Background:  CCR5 is an important co-receptor for HIV entry and zinc finger nuclease (ZFN)-mediated modification of this receptor in CD4 T cells may render a survival advantage in HIV infection. We have previously reported preliminary data from 2 Phase 1 studies of SB-728-T. Here, we report additional data relating to safety, increases in CD4, persistence and trafficking of SB-728-T, and effect on HIV.

Methods:  In the Penn study, 6 immunologic responders (IR) with CD4 ≥450 cells/µL and 6 immunologic non-responders (INR) with CD4 ≤500 cells/µL were infused with 10¹⁰ cells. At week 4, IR underwent a 12-week HAART treatment interruption (TI). In the CA study, 9 INR (CD4 200 to 500 cells/µL) were enrolled into 3 cohorts that received 1x, 2x or 3x10¹⁰ cells. The median duration of follow up for both studies was 232 days (range 56 to 561).

Results:  The mean CD4 and SB-728-T count increased by 1533/µL (range 216 to 3025) and 83/µL, respectively, on D7 in IR and by 820/µL (range 133 to 4467) and 19/µL, respectively, in INR from the 2 studies. Increases in CD4 over time correlated with SB-728-T engraftment (г = 0.78, p <0.0001). SB-728-T was detected in the gut mucosa of all 18 subjects biopsied (median 6%). During TI, HIV-RNA dropped ~0.8 to 2.1 log from their peak levels in 3 subjects. In one CCR5 Δ32 heterozygous subject with a viral set point of 165K copies/mL, viral load peaked at 6247 during week 6 of TI and was undetectable by week 12. In the CA study, peripheral blood mononuclear cell HIV proviral DNA was evaluated using a new Digital Droplet qPCR method. Samples with previously undetectable levels using traditional qPCR now showed measurable proviral DNA. Three of 6 subjects with >11 months follow up had an ~1-log decrease over time. CD4 T cell interferon gamma (IFN-γ) ELISpots to HIV gag peptides performed at baseline showed stratification into a high and low (360 vs 130 SFC/10⁶) ELISpot group. One subject with high baseline IFN-γ ELISpot developed a high antibody response to env and gag in response to viremia along with >1-log drop from peak in HIV RNA during TI. SB-728-T infusions were well tolerated with only mild reversible infusion-related adverse events.

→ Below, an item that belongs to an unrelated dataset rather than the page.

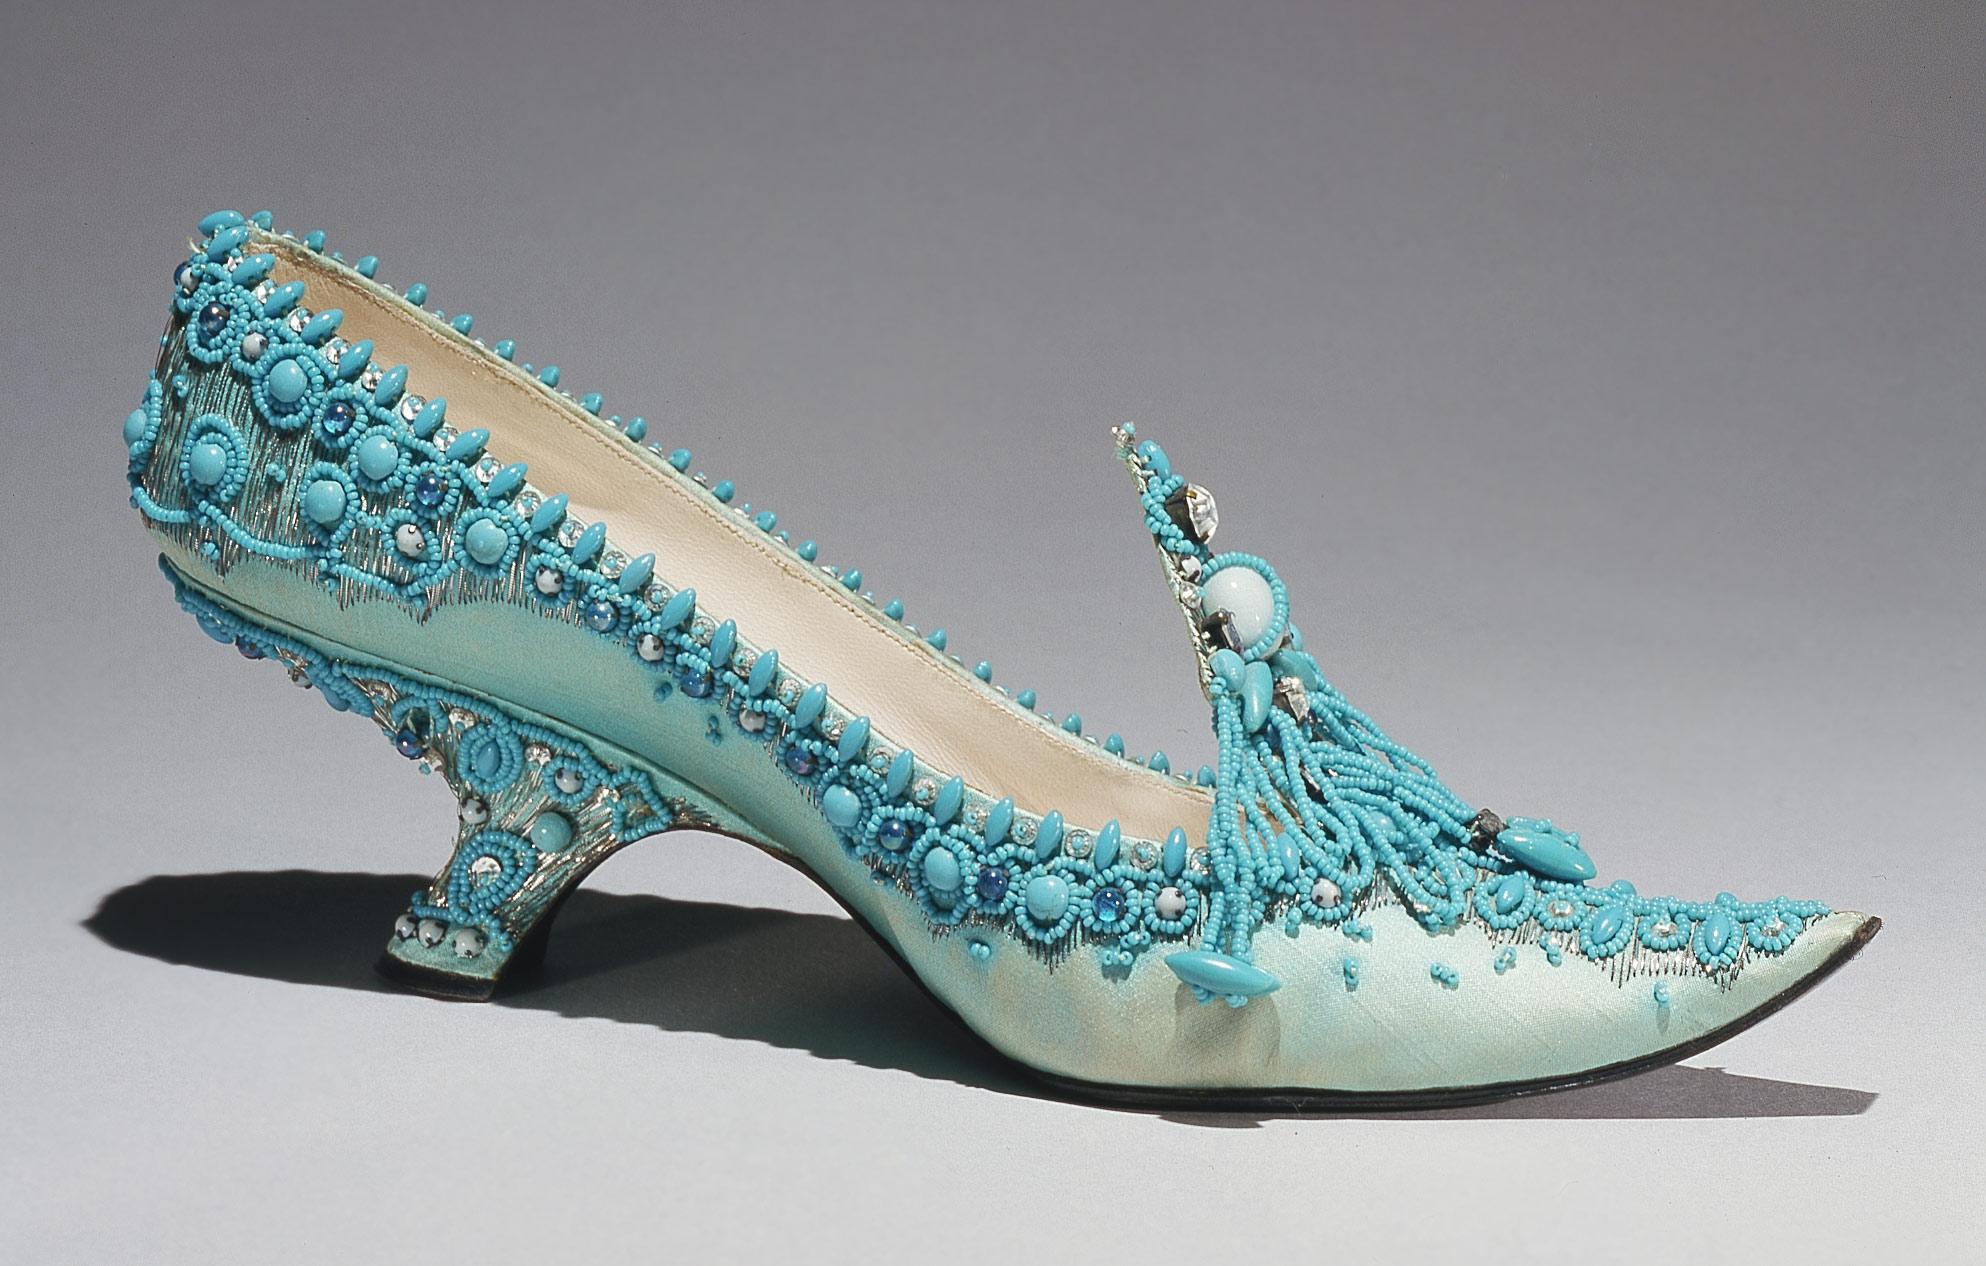 ferragamo wedding shoes photo - 1

Conclusions:  SB-728-T infusion increases CD4 counts that persist over time. SB-728-T expands rapidly and home to the gut. Preliminary data suggest that SB-728-T may decrease proviral DNA. In one subject with the highest level of CCR5 modification, viral load was controlled (< limit of detection) without HAART. These data suggest that in addition to the previously documented increases in CD4 cell, SB-728-T may also suppress HIV replication.